== Segment start ==

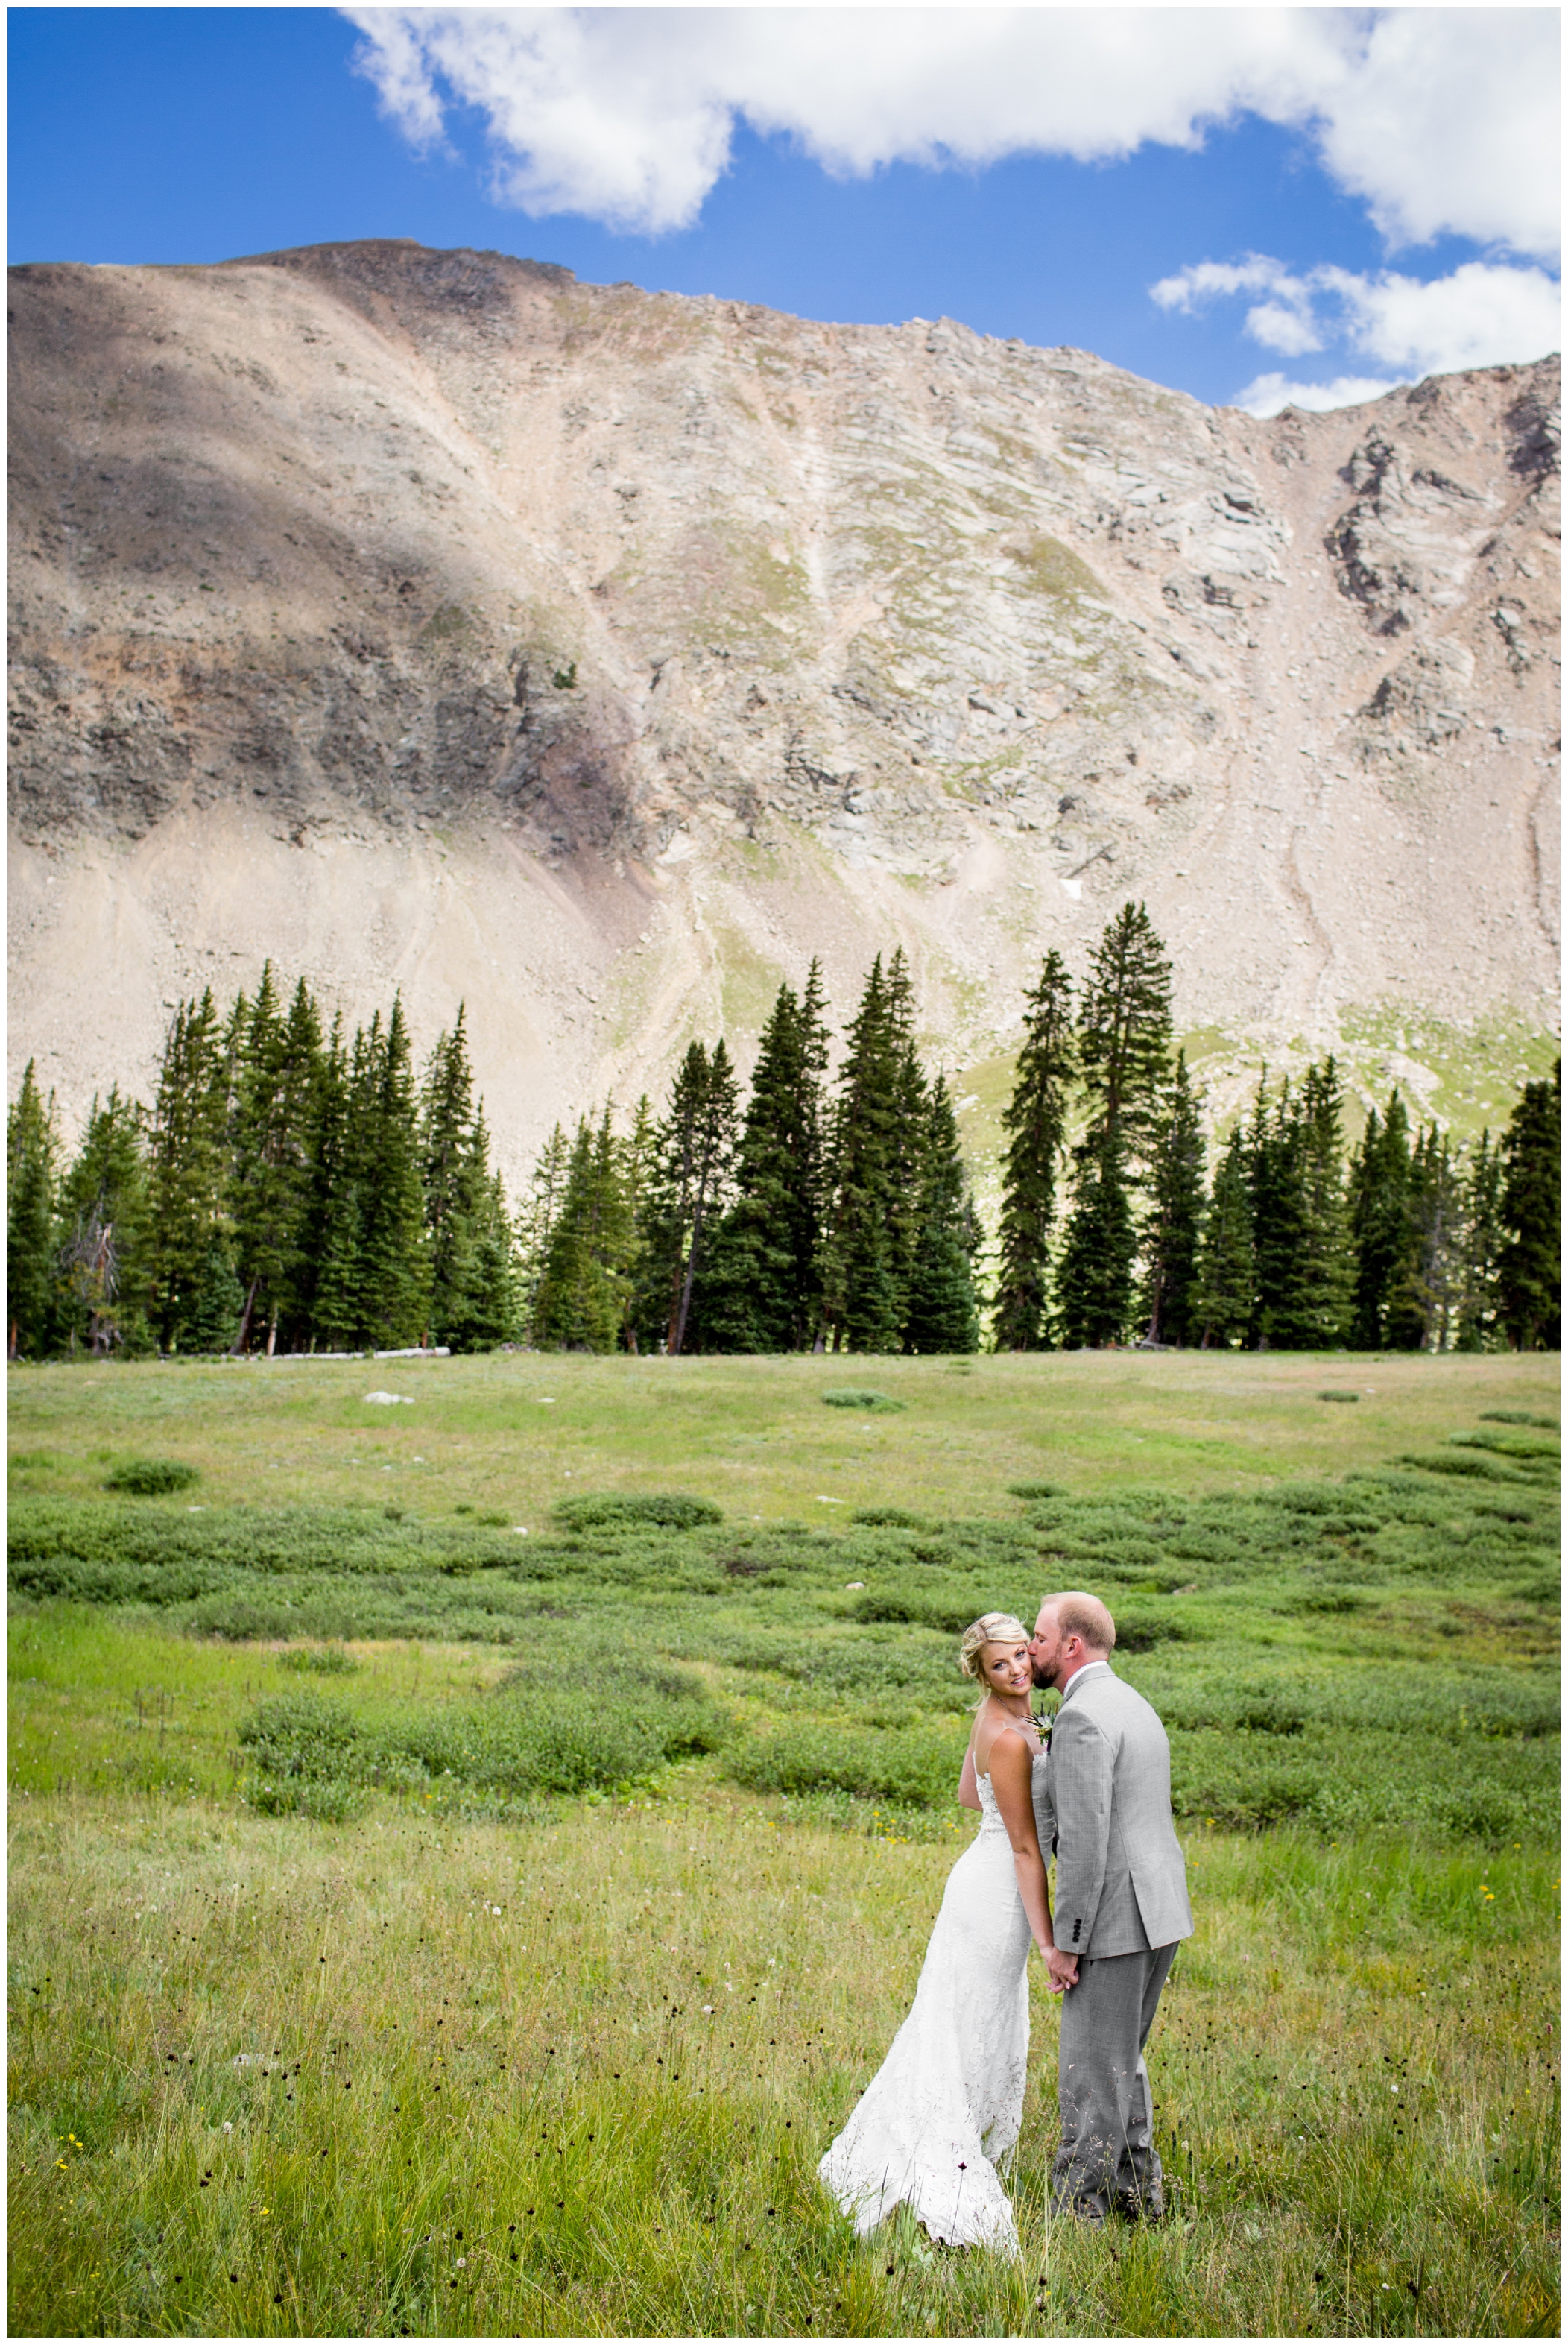 Colorado ski resort wedding photos at one of the best mountain wedding venues Arapahoe Basin
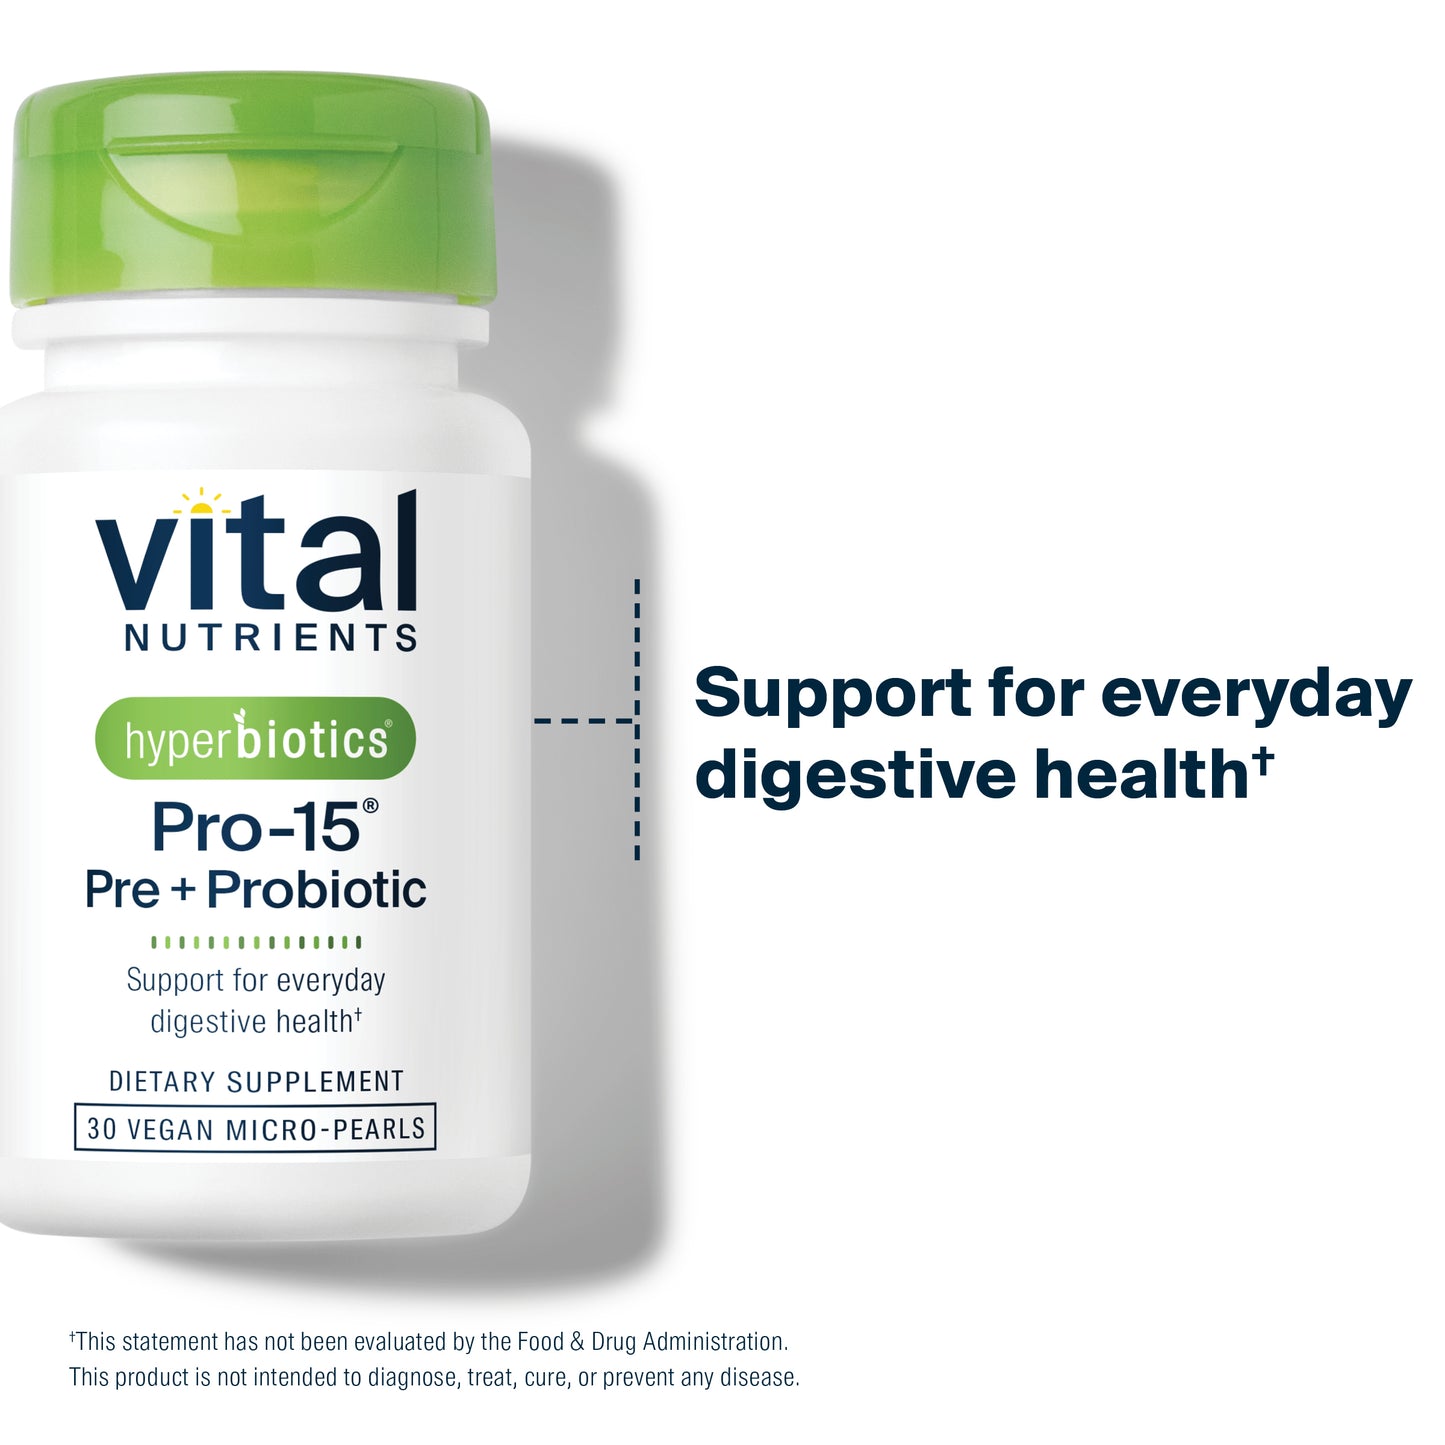 Hyperbiotics Pro-15 Pre+Probiotic 30 vegan micro-pearls support for everyday gut health.*
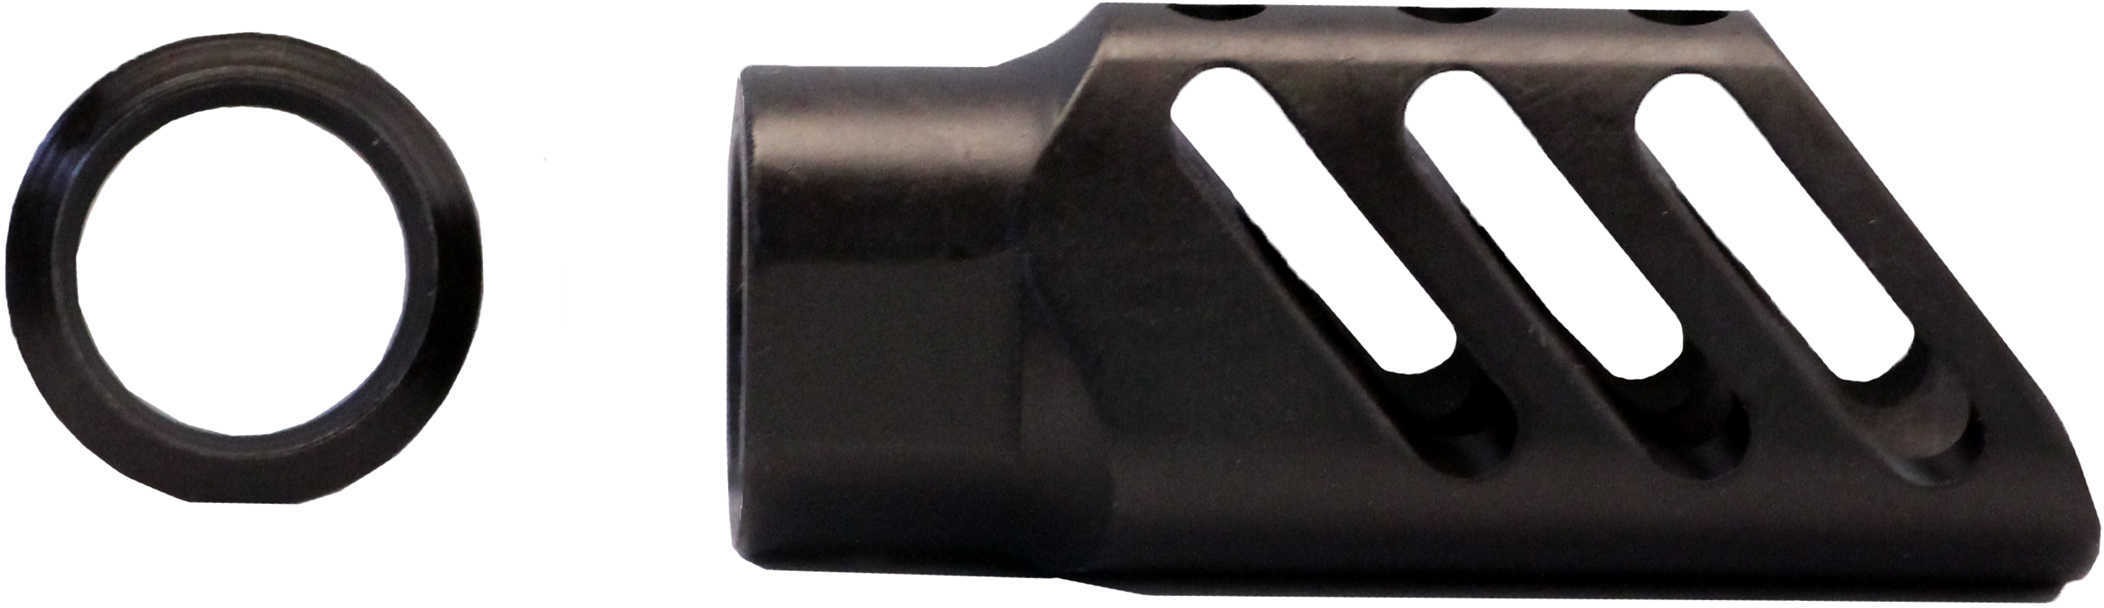 Diamondhead 5.56mm T-Flash Flash Hider Md: 3215

== Segment end ==

Each line of the material is to be output exactly. Images are not part of the expected output.

 Colorado ski resort wedding photos at one of the best mountain wedding venues Arapahoe Basin
 Hyperbiotics Pro-15 Pre+Probiotic 30 vegan micro-pearls support for everyday gut health.*
 Diamondhead 5.56mm T-Flash Flash Hider Md: 3215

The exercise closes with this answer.